As Jeanine Gramick notes, her conscience does not permit her to remain silent. As the Clerical Whispers interview notes, Jeanine Gramick agrees with the observation of a Catholic bishops’ conference which says, "Prejudice against homosexuals is a greater infringement on the moral norm than any kind of sexual activity.”

Yet Jeanine Gramick wants to push the conversation further. As she notes: “Well, let's put this into practice. Instead of the Vatican making all these pronouncements about homosexual activity, let's make the pronouncement about the evils of prejudice and violence against the gay community. That's what we should be teaching."

Amen. Thank God for those who refuse to remain silent when the powers that be choose to silence them. Thank God for those like Jeanine Gramick, who choose to speak truth to power within the churches in which they remain active.

4 comments:

colkoch said...

I agree whole heartedly with your assessment about the need for churches to address homophobia. I also think that the issue of misogyny has to be addressed as well. Billy Wolfe wasn't only called a 'fag', he was also called a 'bitch'. Mysoginy and male homophobia go hand in hand and they always have. To address one without addressing the other is pointless because it's mysoginy which underpins the biblical prohibition on homosexuality. To act as a 'woman' is demeaning to maleness. The family agenda is just as much about the subordinate place of women within marriage as it is about the evils of gay marriage. The family agenda folks won't say it, but one of the reasons I suspect they are in an uproar about gay marriage is that gay marriage appears to be about the equality of the persons in the marriage. There are no gender defined roles of authority, and that's apparently a very scarey thought, probably as much a threat as the sex.

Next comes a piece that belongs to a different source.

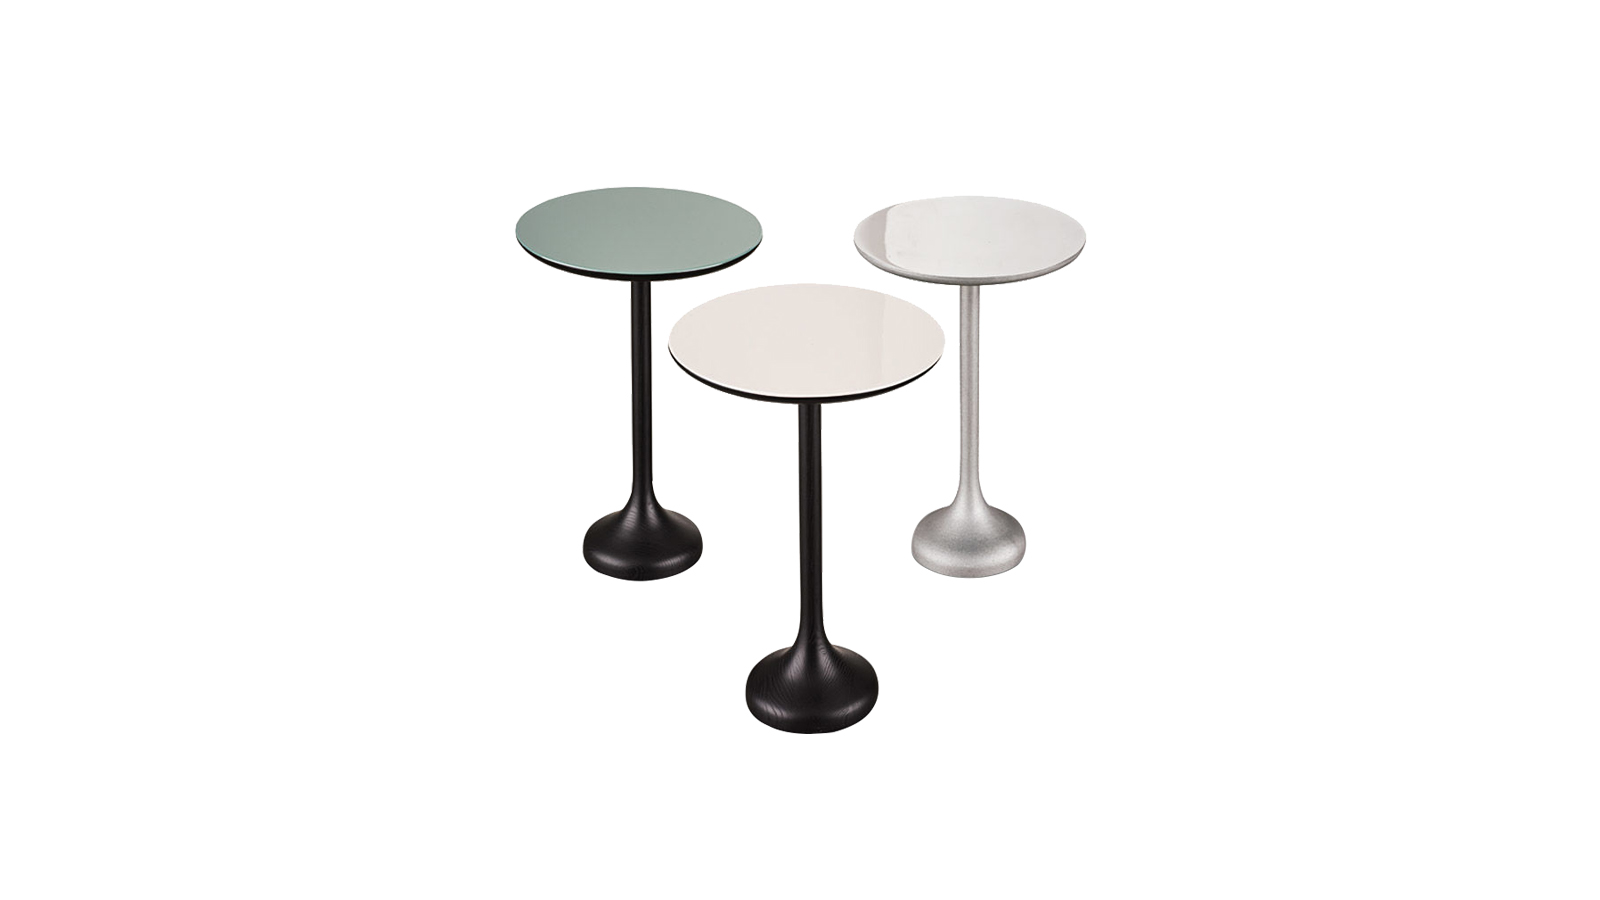 """""""Rodolfo Dordoni Warren asztala higgadt eleganciát sugároz - a Minotti ülőalkalmatosságaihoz és ágyaihoz kiválóan illeszthető. Az asztallapot egyetlen stabil láb tartja: végtelenül praktikus, nem foglal sok helyet. A kerek forma, valamint a lakkozott alumínium vibráló fényessége és a pasztelles színek otthonos atmoszférát teremtenek. Egyszerre glamúros és visszafogott - egy ilyen apró bútor is képes a stílusteremtésre. """""""

William D. Lindsey said...

Colleen, I completely agree. Misogyny is at the root of the kind of violent homophobia that attacks boys for transgressing gender lines. What's being attacked is the fact that anyone would dare to choose the demeaned feminine--which is how many people view the "choice" of males to be gay.

There's no way to address homophobia without also addressing misogyny. The deep fear of the feminine is at the root of both--the fear of what will happen in society if females (and feminized men) are not controlled by the power mongers of society.

I also don't want to overlook the fact that there is bullying of females in schools, often by other females. I'm concentrating on the bullying of boys perceived as gender-inappropriate because that's the kind of bullying that seems often to result in serious acts of violence. But other forms of school bullying, including bullying of females perceived as gender-inappropriate or females perceived as uncontrollable shouldn't be overlooked, by any means.

AC said...

wow. i'm touched you thought enough of the email i sent (this is ashon crawley, by the way) that you wrote about it...extensively. i just happened to stumble upon this...

William D. Lindsey said...

Ashon, thanks for the comment! I really value the work GLSEN does. Bullying of gay youth in schools is something that bothers me tremendously, and which I'd like to combat as much as possible. I was very happy to see that GLSEN dedicated this year's Day of Silence to Larry King. I'm determined not to let what happened to him be forgotten.